Your Data is Worth its Weight in Gold Part 3
The Importance of Data Quality
Part II
Customer relationship management is based on the premise that organizations can reduce costs, increase revenues, and boost customer loyalty by organizing the way their systems and staff handle customer data. Enterprises tend to focus much more on CRM processes--the "where should this go and who should handle it"--than they do on the actual quality of customer data. "One of the hidden dangers of customer relationship management is enabling better access to bad data," say Erin Kinikin, vice president with the Giga Information Group. The result is akin to putting rotten peaches in faster, better-routed trucks--the peaches are still rotten when they get to market.
It is estimated that customer data degrades at a rate of about 2% per month. That is roughly 25% per year. Without proper maintenance and updates to the data, it is feasible that an organization could have a completely useless dataset in as little as four years or less. This degradation in data could render your organization vulnerable to failure.

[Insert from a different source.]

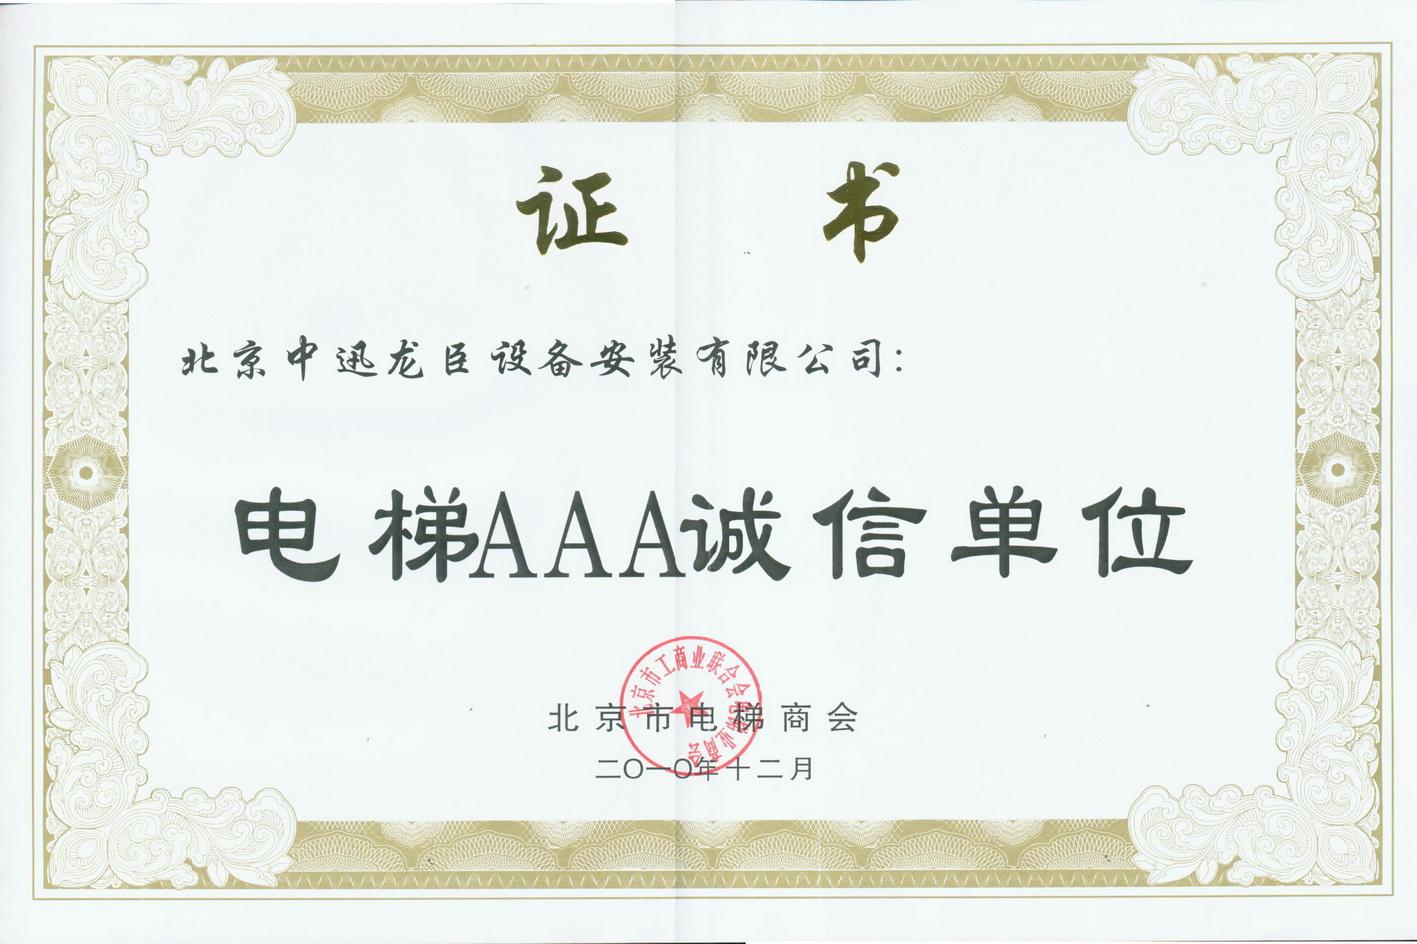 2010年必威体育AAA诚信单位

With this information in hand, you must begin to formulate a data quality strategy for your organization. What is in a data quality strategy? According to Firstlogic, a well-known data quality expert organization, [a data quality] strategy is driven by goals and shaped by perspective. You must be asking yourself the what, where, when, how, and whys surrounding your data. For example, if one of your corporate goals is to increase response rates of your marketing campaigns by improving customer data, the what is already dictated. The goal already answered the why - to improve response rates. Perspective will dictate the where and how you need to cleanse the data. If the customer data for the marketing campaign resides in a CRM system, is augmented by purchased lists, and is largely person name and address information-the where is apparent. When you examine, in detail, the impact of goals and perspective on a data quality strategy, the contents of the strategy become apparent:
- A statement of the goal that is driving the project
- A list of the data elements that support the goal
- A statement of the type of data to be cleansed
- A discussion of cleansing solutions that match the type of data
- A description of where the data resides
- A plan for how often the cleansing activity will occur and on what systems
- A plan for how, where, and when the data can be accessed for cleansing
- An inventory of the existing data touch points
- A plan for filtering, or at least "buffering" each touch point, and perhaps eliminating or combining touch points
When you set off to design your first data quality strategy, whether it be in a document or on a white board (more common) give some consideration to the points we have listed here. The more of these points you incorporate in your strategy the greater the likelihood your data quality project will be successful and achieve the desired goals.